## REQUIRED ACTION
No pictures go into the copy. Write out every line below exactly.

## INFORMATION SHOWN
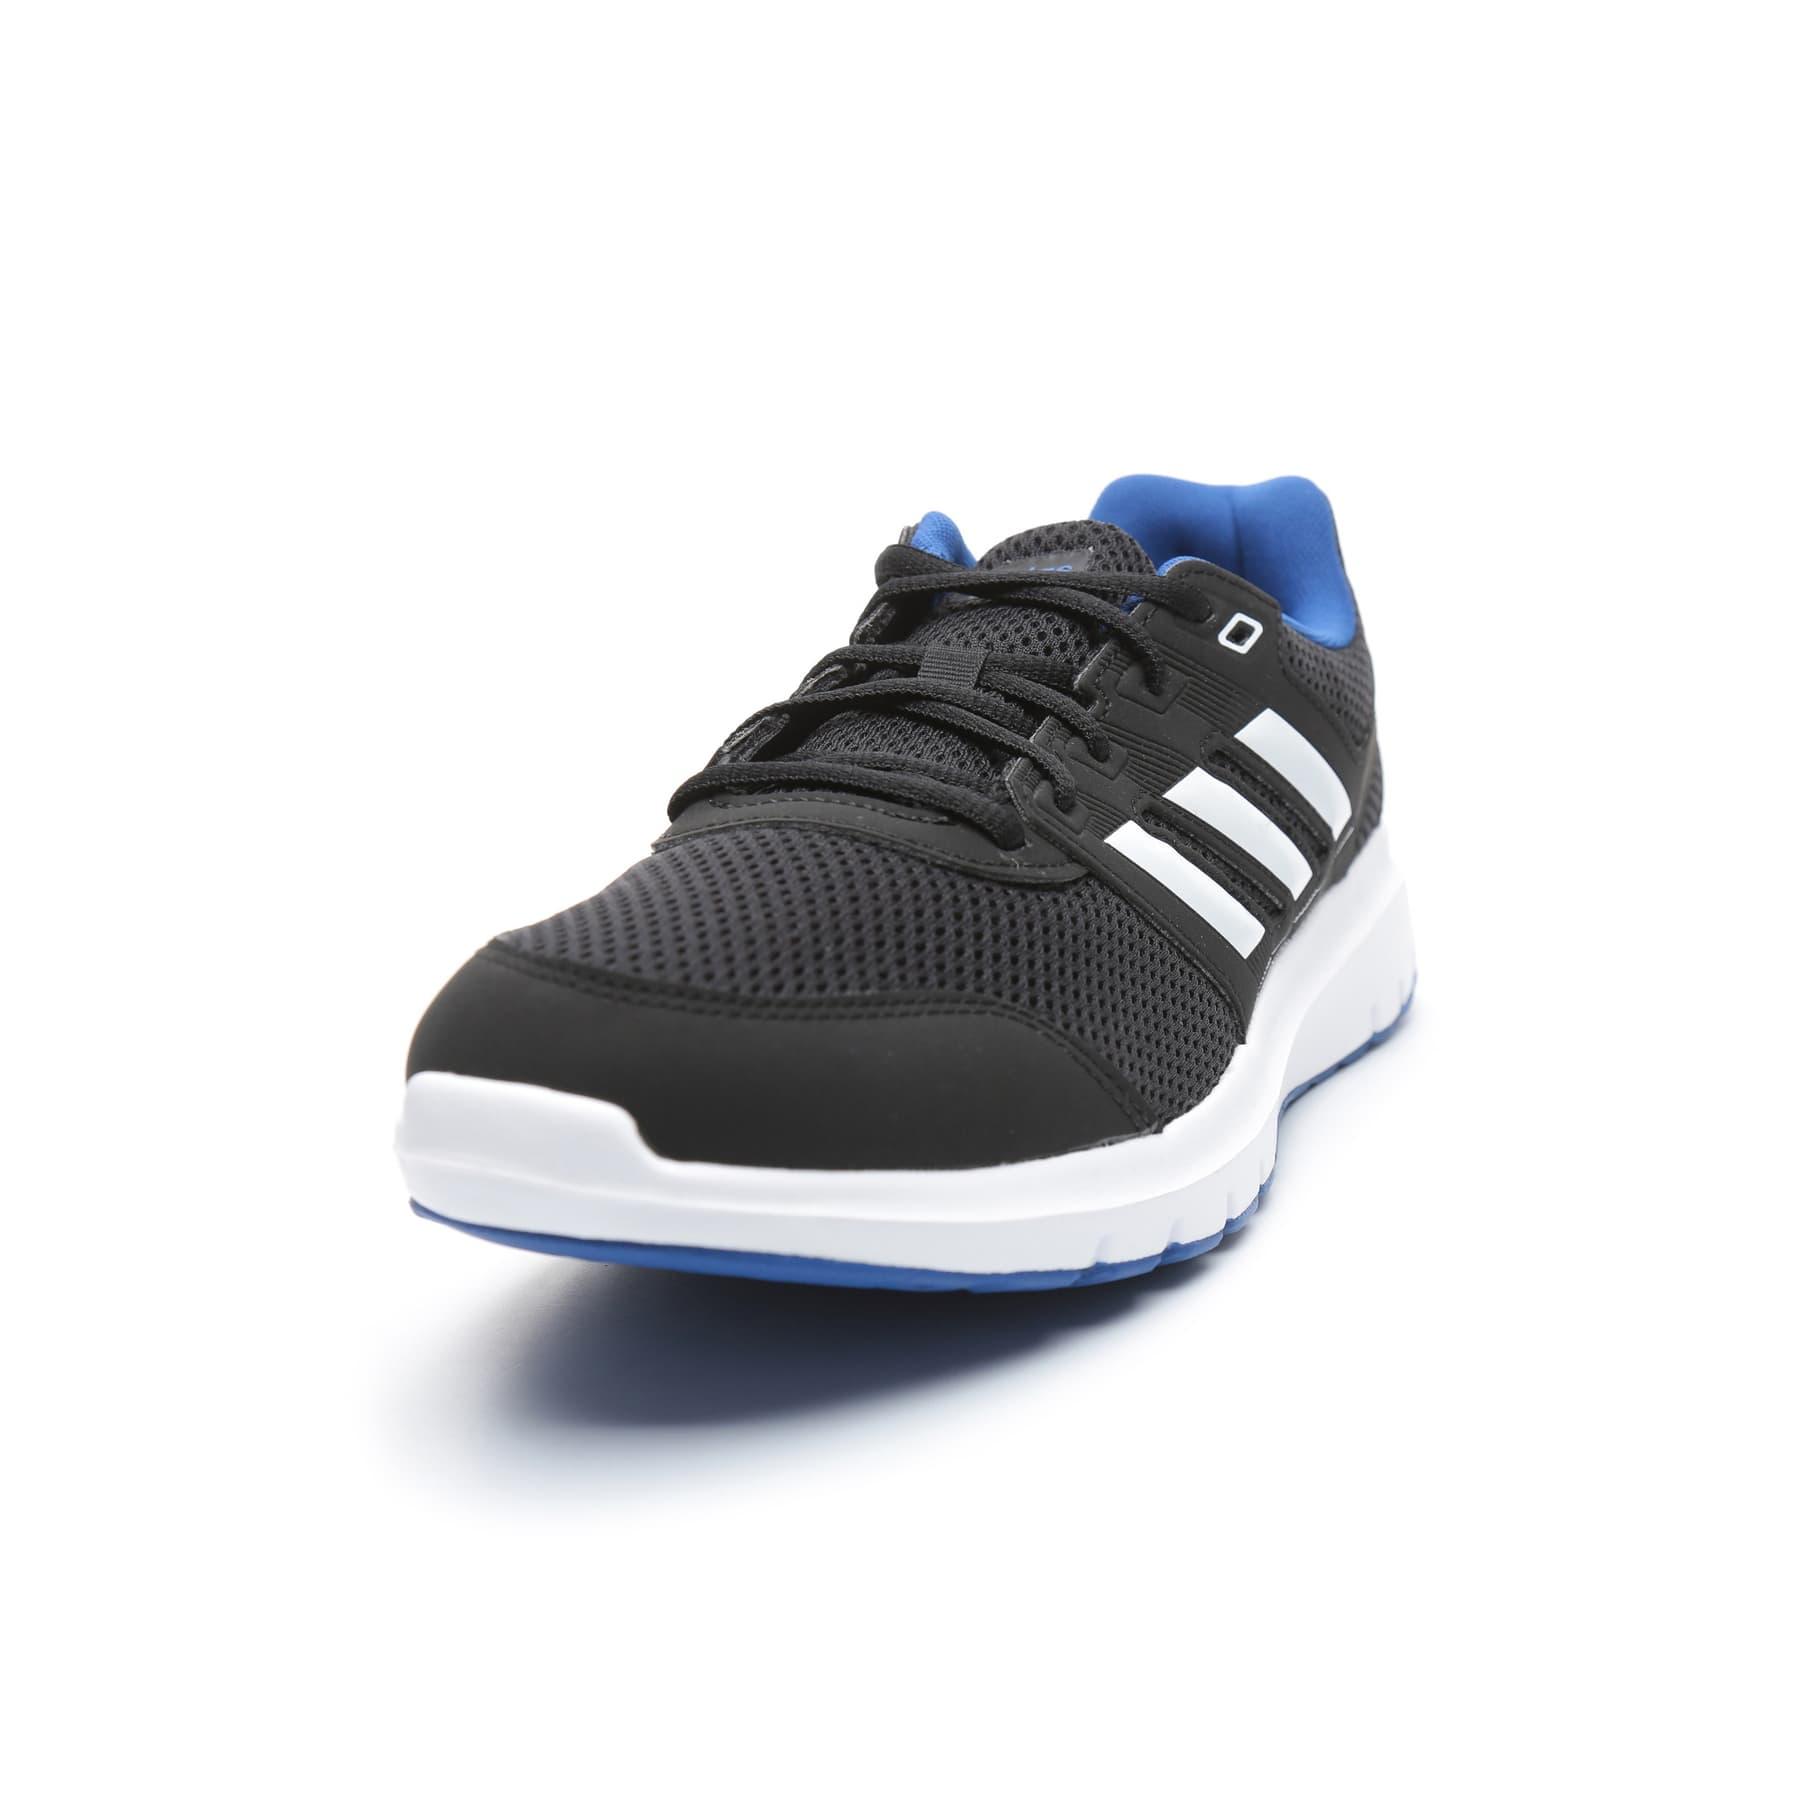 Duramo Lite 2.0 Erkek Siyah Koşu Yürüyüş Ayakkabısı
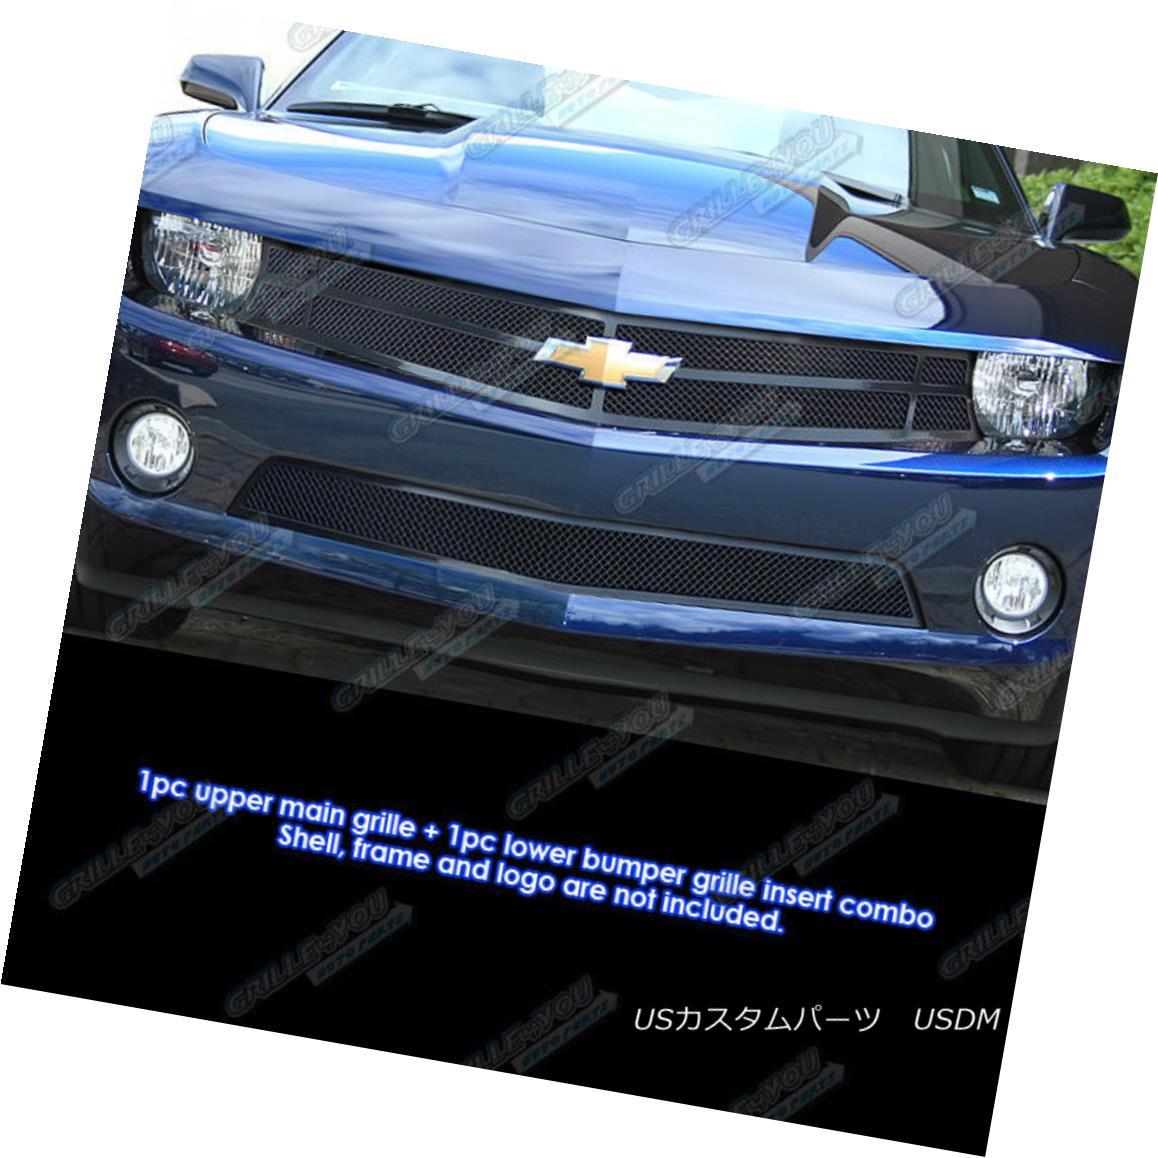 グリル Fits 2010-2013 Chevy Camaro LT/LS V6 Black Mesh Grille Grill Logo Show Combo フィット2010年から2013年シボレーカマロLT / LS V6ブラックメッシュグリルグリルロゴショーコンボ
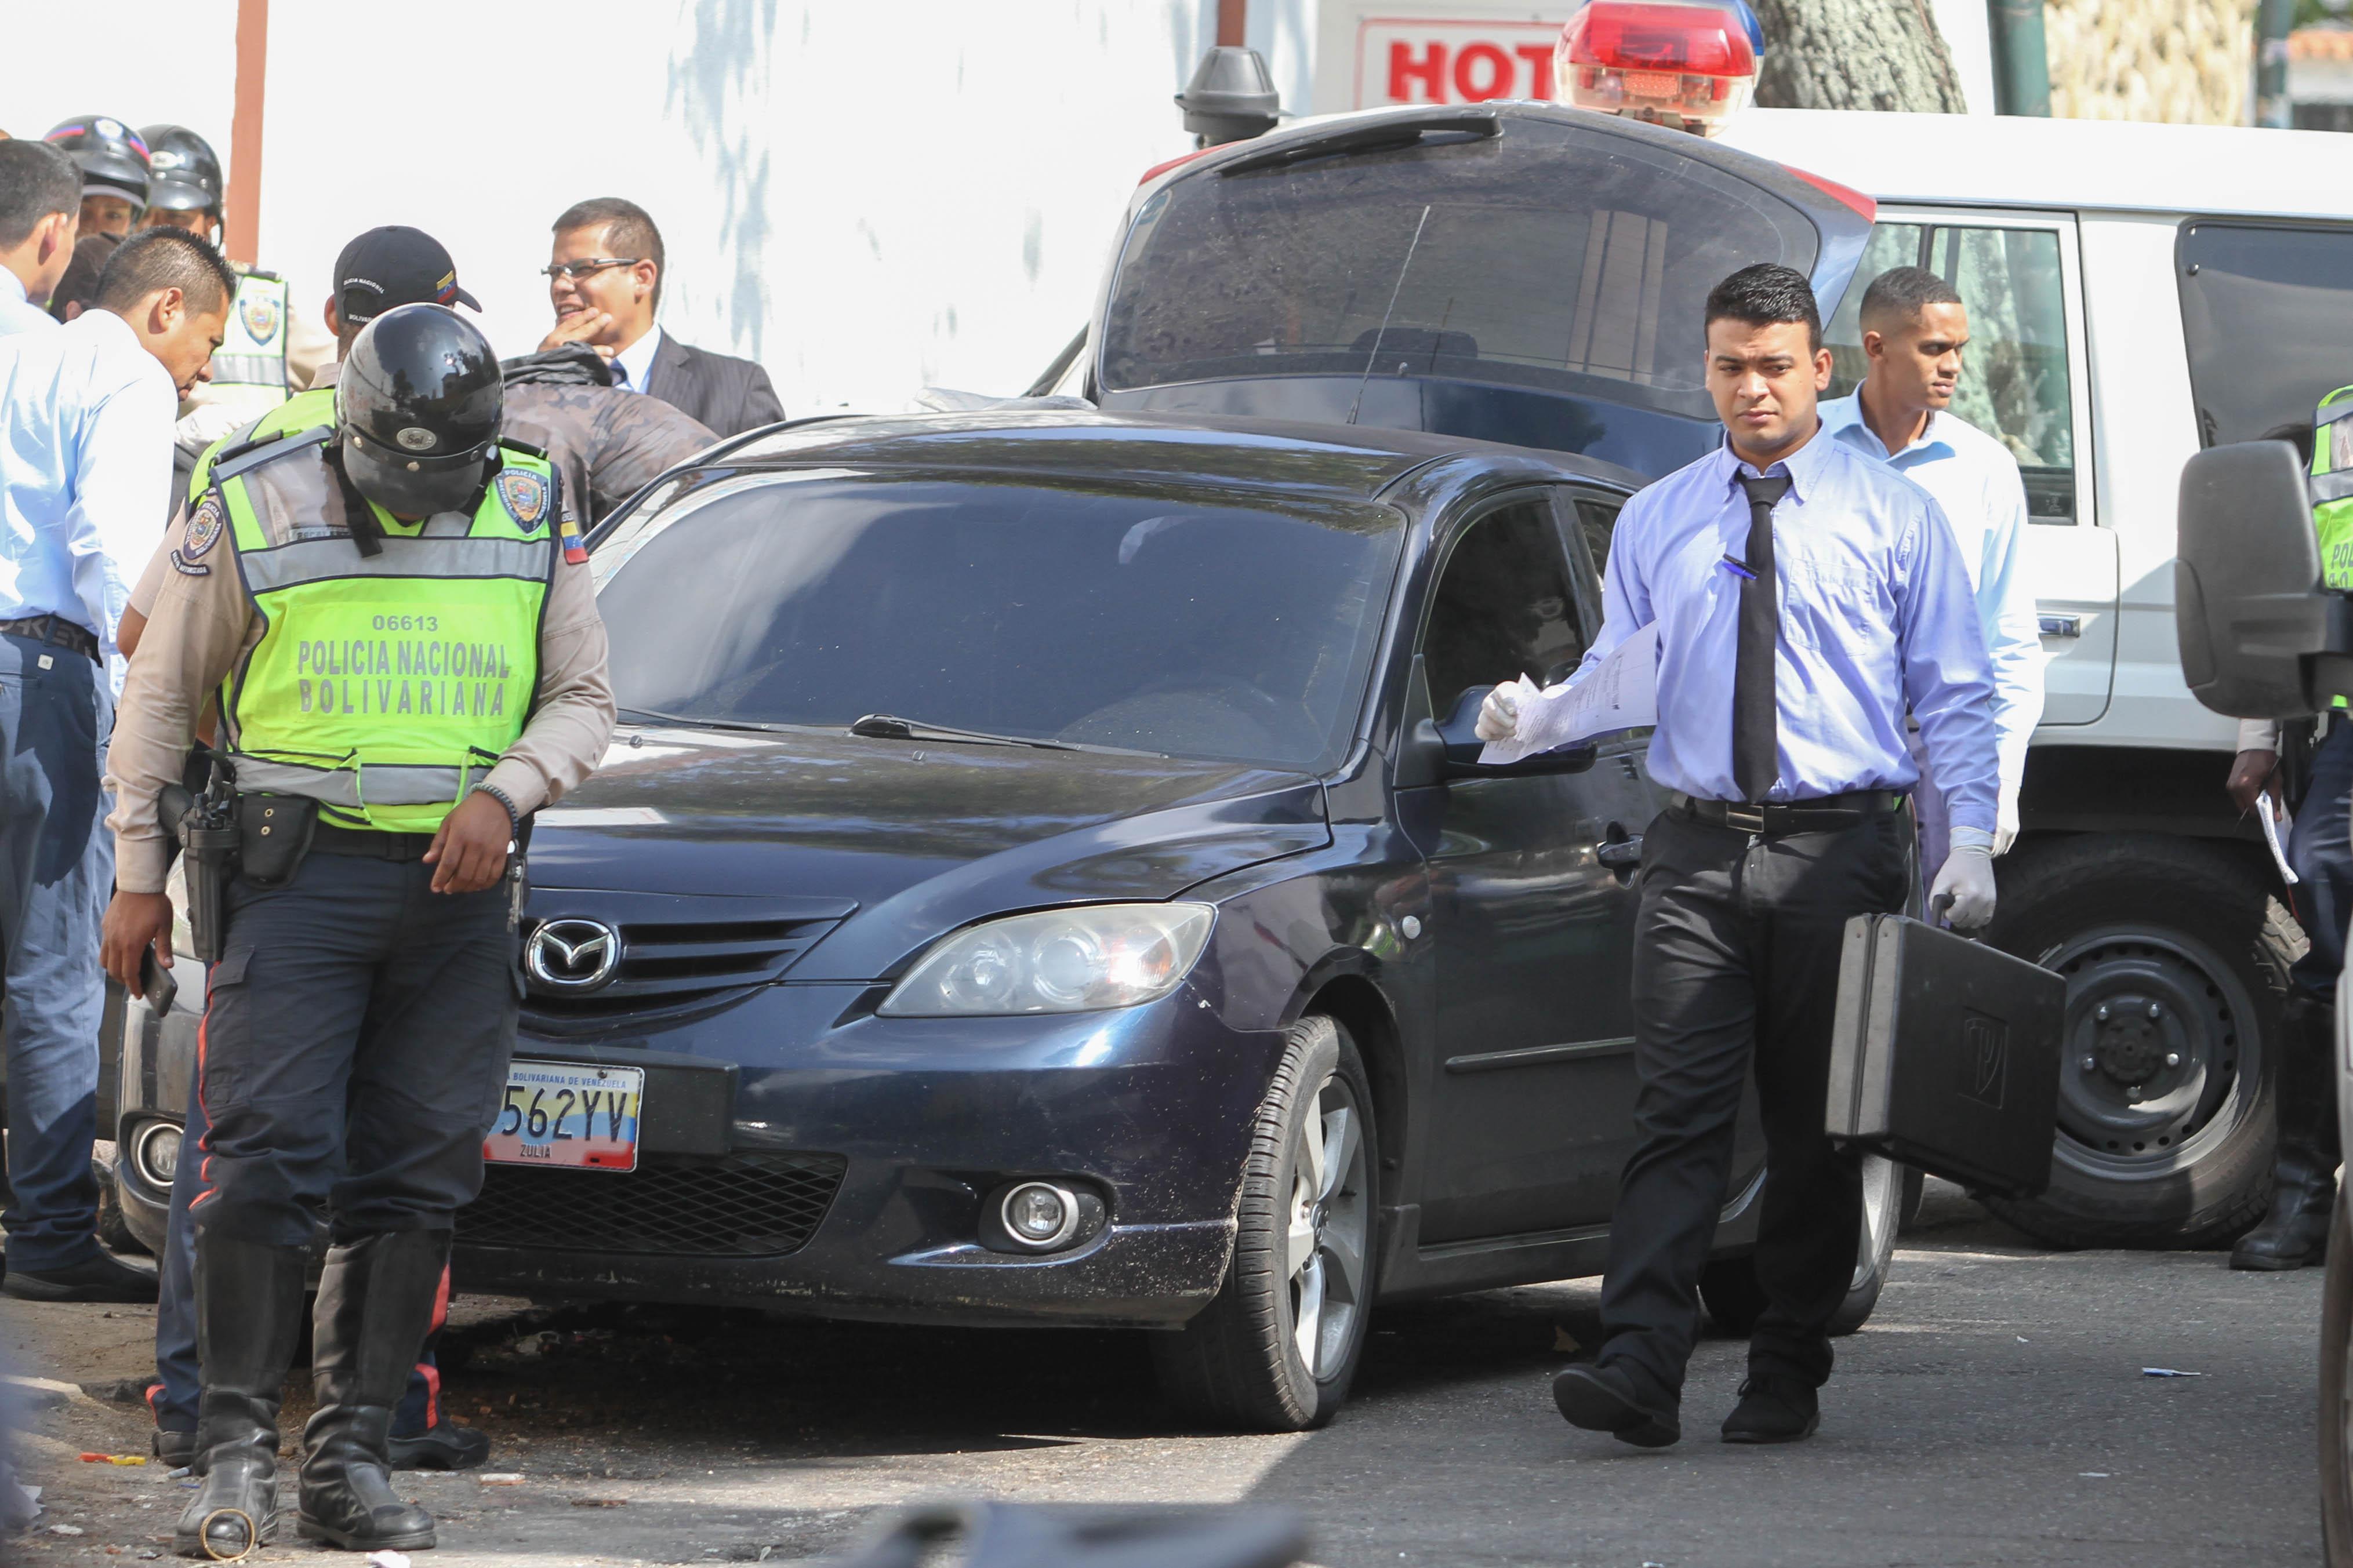 Viernes 07/08/2015 Sucesos/ Caracas Dama asesinada localizada dentro de un Vehiculo descuartizada en la calle los Hoteles de Los Manolos Las Palmas con avenida Andres Bello Fotografo: Carlos Ramirez

## TASK RESPONSE
 Duramo Lite 2.0 Erkek Siyah Koşu Yürüyüş Ayakkabısı
 グリル Fits 2010-2013 Chevy Camaro LT/LS V6 Black Mesh Grille Grill Logo Show Combo フィット2010年から2013年シボレーカマロLT / LS V6ブラックメッシュグリルグリルロゴショーコンボ
 Viernes 07/08/2015 Sucesos/ Caracas Dama asesinada localizada dentro de un Vehiculo descuartizada en la calle los Hoteles de Los Manolos Las Palmas con avenida Andres Bello Fotografo: Carlos Ramirez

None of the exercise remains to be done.